The first nested PCR was performed with the CDS III/3′ PCR Primer and tca aag ggc cgt gtg cat gat atc aaa ttc for alpha tubulin and act ttg ttg aat gga tcc and gcc gag gcg gcc gac atg for beta tubulin. For the alpha tubulin of T. cuspidata, the PCR conditions were 94 °C for 2 min followed by 25 cycles of 98 °C for 10 s, 65 °C for 5 s, and 72 °C for 20 s. For the beta tubulin of T. cuspidata, the PCR conditions were 94 °C for 2 min followed by 25 cycles of 98 °C for 10 s, 60 °C for 30 s, and 72 °C for 20 s.

The second nested PCR was performed with the CDS III/3′ PCR Primer and tca aag ggc cgt gtg cat gat atc aaa ttc for alpha tubulin and act ttg ttg aat gga tcc and gcc gag gcg gcc gac atg for beta tubulin. For the alpha tubulin of T. cuspidata, the PCR conditions were 94 °C for 2 min followed by 35 cycles of 98 °C for 10 s, 5 °C for 5 s, and 72 °C for 20 s. For the beta tubulin of T. cuspidata, the PCR conditions were 94 °C for 2 min followed by 25 cycles of 98 °C for 10 s, 60 °C for 30 s, and 72 °C for 20 s.

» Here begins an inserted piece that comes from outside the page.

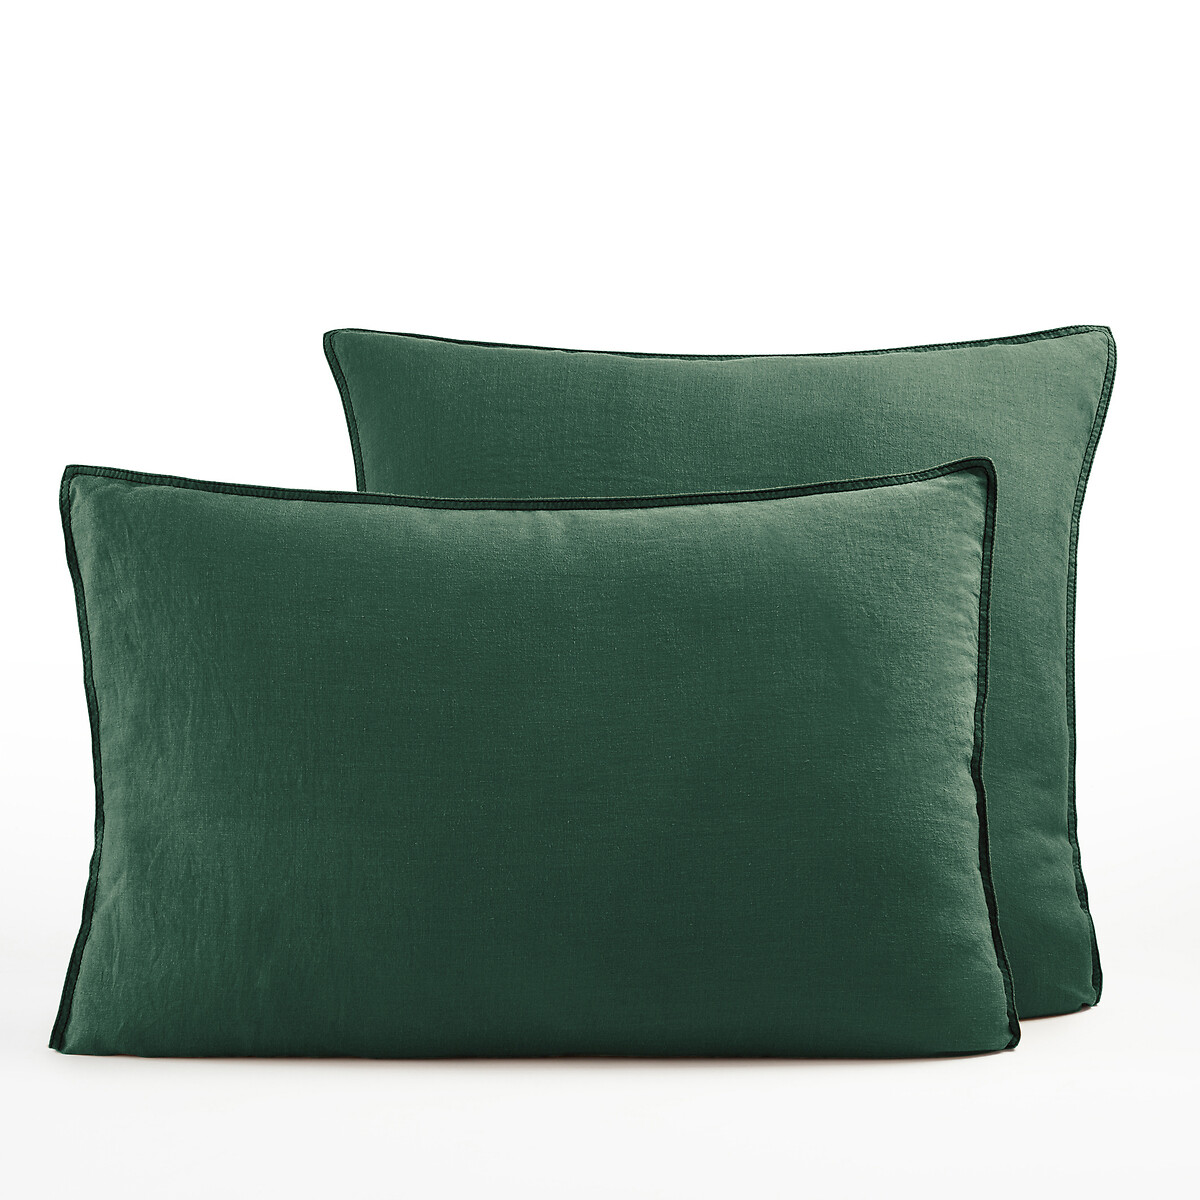 Наволочка На подушку из стираной пеньки Helm 65 x 65 см зеленый

TA cloning was performed as follows. The gel-purified PCR fragments from 5′ RACE and 3′ RACE were incubated with 10X A-attachment (Toyobo Co., Ltd), dNTP mixture, MgSO4, and 10X PCR buffer for KOD-Plus-Neo (Toyobo Co., Ltd) at 60 °C for 30 min. The reaction product was ligated to the pMD20-T vector (Takara Bio Inc.) using Ligation Mighty Mix (Takara Bio Inc.) at 16 °C for 150 min. Competent DH5α cells were transformed with the ligation mixture at 4 °C for 30 min and 42 °C for 45 s. After the mixture was cooled to 4 °C, it was poured onto an LB agar plate containing ampicillin. After incubation at 37 °C overnight, the white-colored colonies were inoculated overnight in 2.0 mL of LB medium containing ampicillin. The following day, the plasmid was extracted using the PureYield™ Plasmid Miniprep System (Promega KK), and subjected to on-demand sequence analysis (Fasmac Co., Ltd).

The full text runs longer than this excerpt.